Выпили, как водится, на дорожку еще, зажевали голубятиной с молодыми оливками и направились в залу, где царило прекрасное. В самом деле, прекрасен, преисполнен величия благородный менуэт, но и мудрен же, ох как мудрен. То присядь хитро, то поклонись до земли, то руки поменяй, да ведь не просто так, а все с бережением, иначе лбом кого боднешь, в спину шарахнешь дерзко или вообще, Господи спаси, в ногах запутаешься и грохнешься наземь. Ужас, чего напридумывали французы там у себя в Париже. Однако и наши-то, русские, ничего, не пальцем деланные и не лыком шитые, - танцевали изрядно, с достоинством, лихо выписывали фигуры да выделывали па. Кавалеры выступали сановито, дамы приседали в лучшем виде. Вот это пляска так пляска, одно слово - балет.
Однако же не все галантнейшее общество пребывало в объятьях Терпсихоры, в основном работала ногами молодежь. Люди-то основательные, годами зрелые размещались большей частью вдоль стен, где были устроены столы для "шуршания листвой"375 и места имелись для приятного общения и праздного отдохновения. Играли, само собой, в чепуховину изряднейшую - так, в ламбер, в кадрилию, в пикет да в контру376, - не для выигрыша, конечно, единственно для времяпрепровождения, следили за танцующими, судачили, мыли кости, угощались мороженым, усиленно потели, вспоминали молодость. Да, были времена... А теперь мгновения...
"Марлезонский балет, блин, - Буров с интересом огляделся, сам встал в шестую позицию, усмехнулся про себя, - это тебе не "заливши фары, танцуют пары"...377
Ну, и где ее величество?"
- Зубова с Шешковским он, хвала Аллаху, тоже пока что не замечал.
- Вот она, матушка, в зеленом молдаване378, с кавалером в белых штанах, - тихо, не прекращая улыбаться, произнес Чесменский, и голос его задрожал от ярости. - Это князь Барятинский, мать его. Чистоплюй хренов. Отвертелся тогда, гад, когда мы Петрушку-то того. Теперь вот с Като за одним столом сидит...379
А менуэтец между тем подошел к концу - дамы сделали книксен в последний раз, кавалеры поклонились в знак прощания, и музыка смолкла. Стали ясно различимы голоса, смех, позванивание хрусталя, постукивание ложечек о креманки с мороженым. Терпсихора на время взяла тайм-аут. А вот танцорка в молдаване и не подумала отдыхать - сопровождаемая Барятинским, она отведала смородинного джема, разведенного в вареной воде380, промокнула платочком губы и с достоинством, величественной походкой, неспешно подалась в народ. Останавливалась, заговаривала и, кивнув, провожаемая поклонами, шествовала себе дальше. Сразу чувствовалось, что она здесь хозяйка. И не только здесь... Так, в атмосфере почтительности и подобострастия, она доплыла до Алехана, встала на мертвый якорь и дружелюбно улыбнулась:
- А, вот вы где, граф. И вижу, не один. Никак это тот самый...

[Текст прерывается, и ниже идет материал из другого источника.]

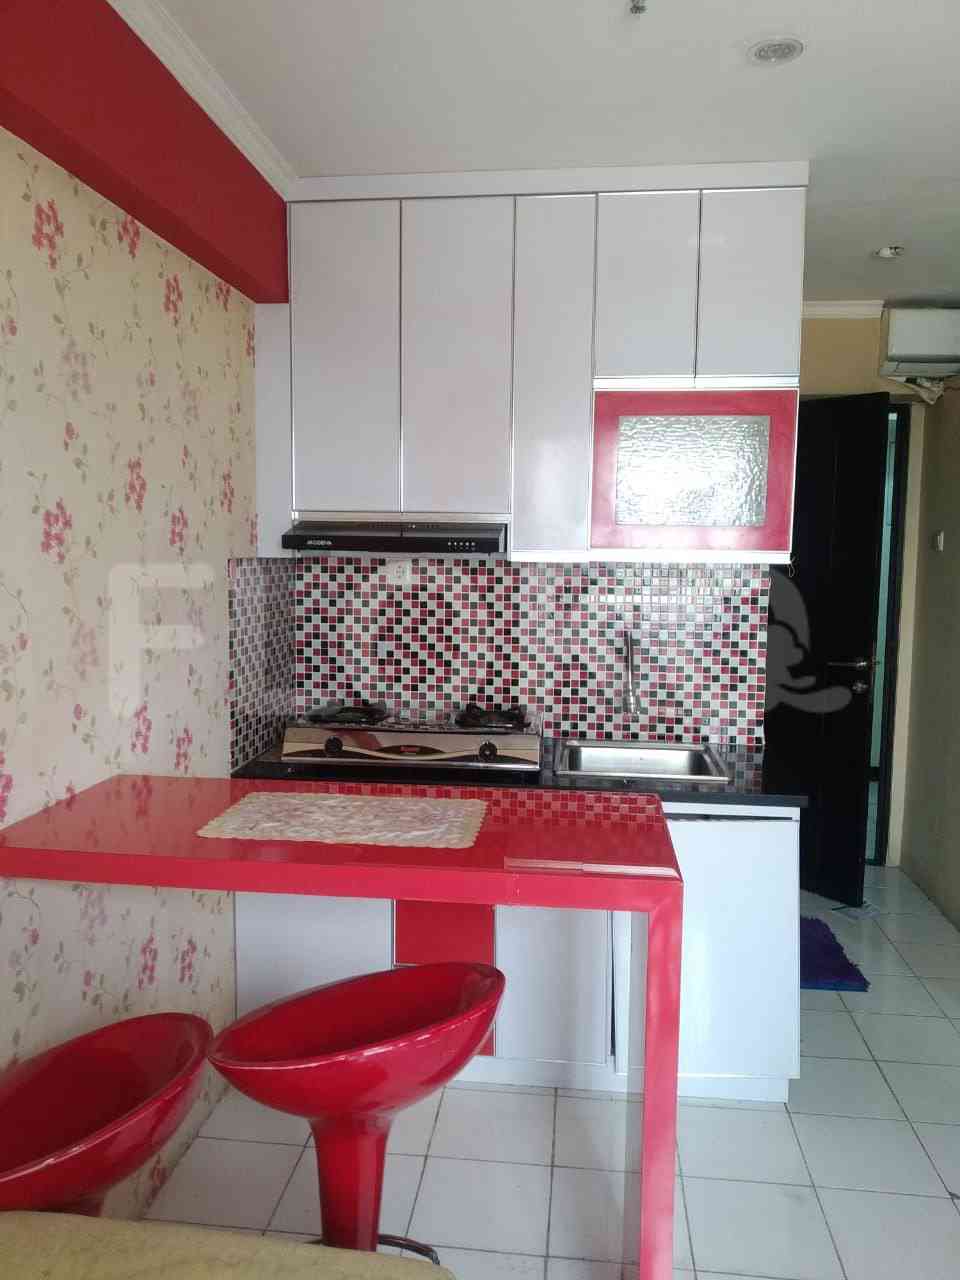 2 Bedroom on 18th Floor for Rent in Sentra Timur Residence - fca2d8 6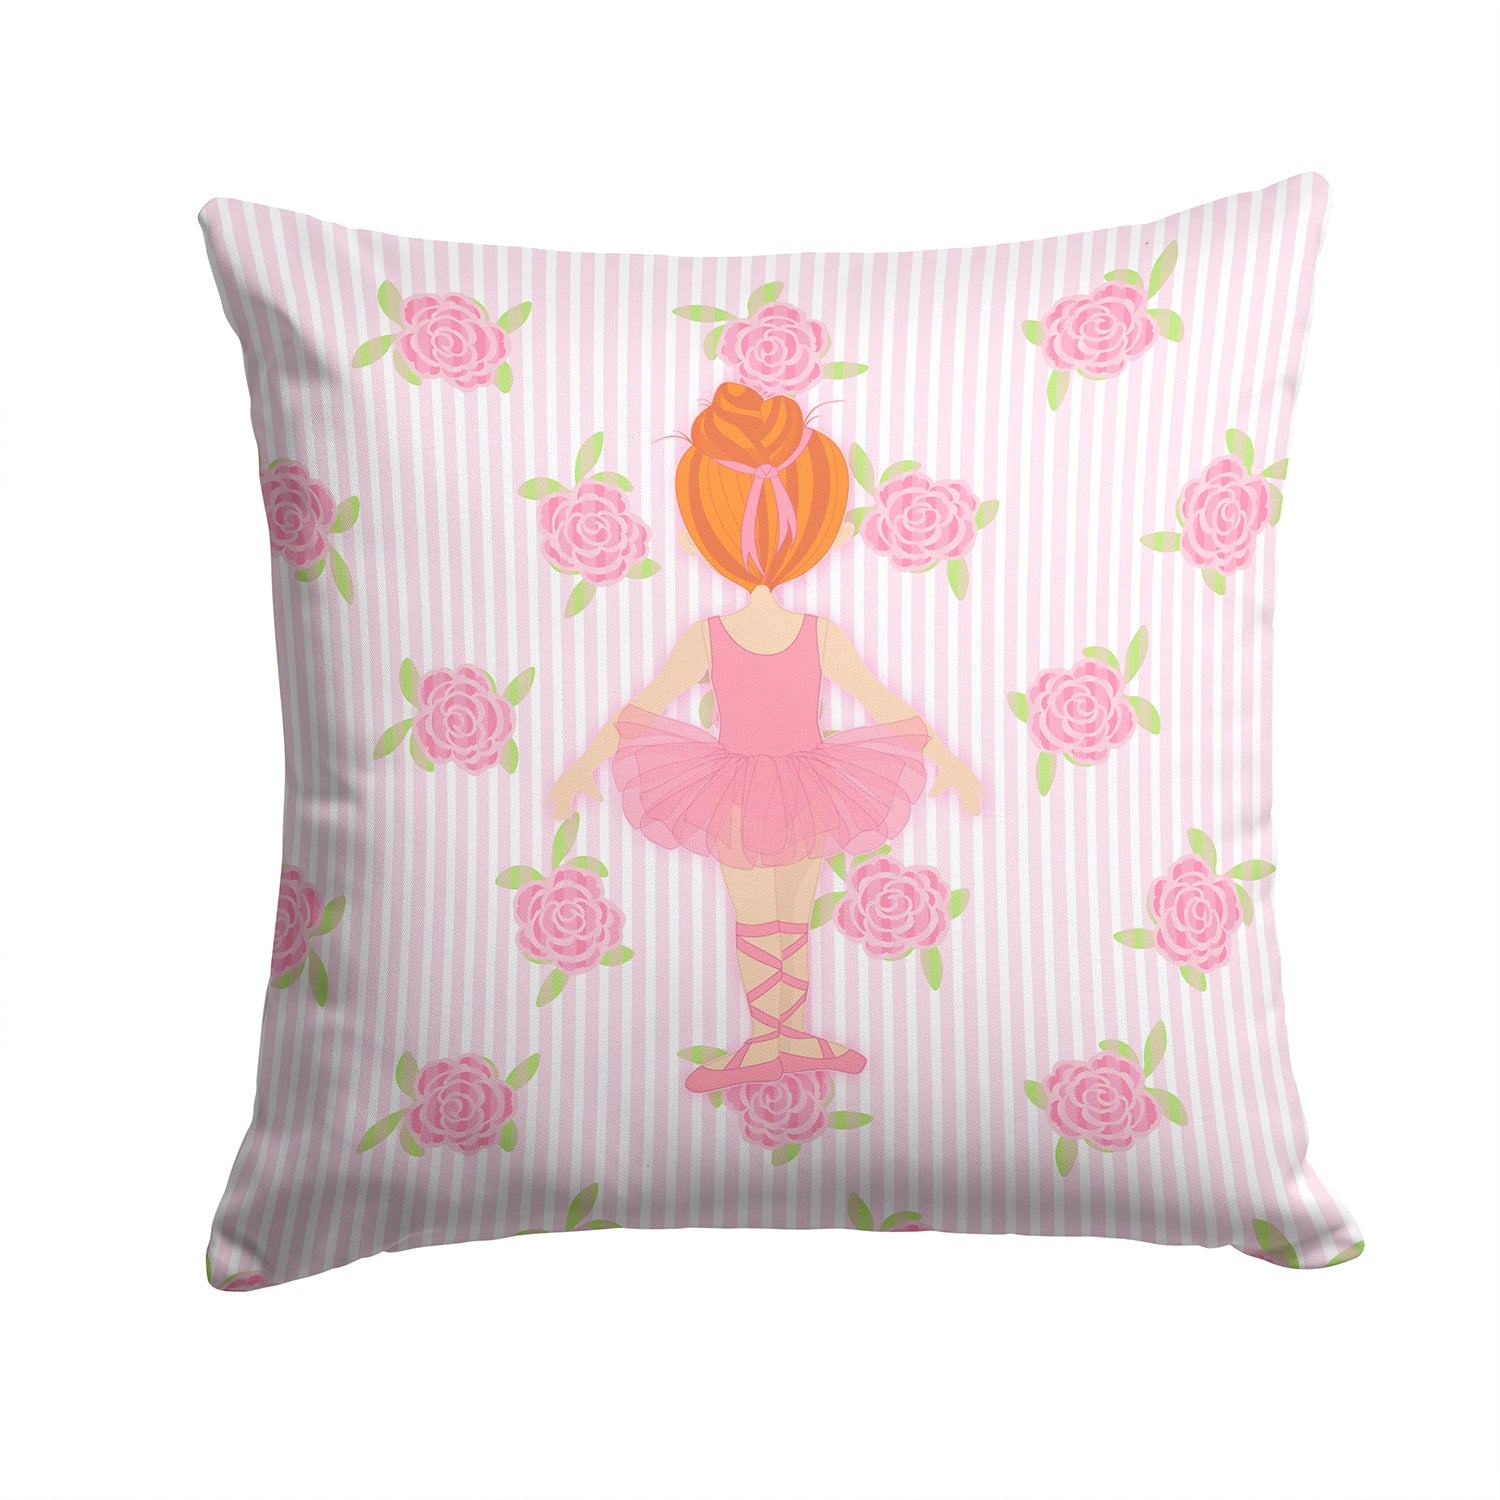 Ballerina Red Head Back Pose Fabric Decorative Pillow BB5163PW1414 - the-store.com

- Князь Буров. Буров-Задунайский. - Буров напористо кивнул, мощно притопнул каблуками и, улыбнувшись очень по-мужски, схватил инициативу в свои руки. - Безмерно счастлив, ваше величество, видеть вас во всем сиянии красоты, обаяния и несравненного шарма. Видел сие лишь единожды, и то в эротическом сне. Позвольте ручку. - И, не дожидаясь разрешения, грохнулся на колено и припал к холеной, пахнущей духами длани - правой. Знал, что левую, отдающую табаком, императрица не позволяет целовать никому381. А еще Буров, и не хуже Чесменского, знал женщин. Обращайся с императрицей словно с потаскухой, и успех тебе обеспечен. Главное - обратить на себя внимание, выделиться из общей массы, показать полное пренебрежение этикетом и условностями. Да насрать на них, если женщина нравится. Правда, вот в плане последнего Буров был не уверен. Очень даже. Ничего уж такого примечательного в самодержице государыне российской не было. Так, в годах, мелкого росточка, со взглядом искушенной, много чего повидавшей женщины. Говорит негромко, нараспев, держится жеманно, нарочито вежливо. Словно майорша Недоносова из Первого отдела управления кадров ГРУ. Такая же лиса с повадками вальяжной, готовой выпустить в любой момент когти кошки. Мелковата будет для смилодона, не та порода.
- Ну право же, подымайтесь, князь, с кавалерами приятнее общаться, когда они в стоячем положении. - Императрица тонко улыбнулась, с толикой кокетства, но без тени смущения, собрала губы в крошечную вишенку и мягко отняла державную длань. - Я слыхала вашу историю, князь, она занимательна. И что же послужило причиной ей?
- Козни Калиостро, ваше величество. - Буров, мигом сориентировавшись в обстановке, встал, лихо изобразил почтительность и вежливую ярость. - Черные происки этого шарлатана, возмутителя спокойствия и злостного фармазона. Коварно воспользовавшегося моей доверчивостью.
- Ох уж эти мне фармазоны. Всю эту масонию нужно высечь кнутом. Я как раз на эту тему только что написала пьесу382. - Ее величество на миг выпустила когти, но тут же, совладав с собой, коротко вздохнула и одарила Бурова любезной улыбкой. - На той неделе, с Божьей помощью и тщаниями господина Елагина, премьера. Так что, князь, прошу вас быть в следующий вторник, буду рада видеть в вас зрителя внимательного и добросердечного. - Всемилостивейше кивнув, она вторично допустила Бурова к руке, прищурилась лукаво и только приготовилась плыть дальше, как откуда-то из-за ее спины вывернулся наследник, великий князь Павел Петрович. От был совсем такой, как его изображают в кино, - курносый, маленький, на удивление похожий на обезьяну. Плюс уже изрядно навеселе, точнее, в основательнейшем мрачном подпитии.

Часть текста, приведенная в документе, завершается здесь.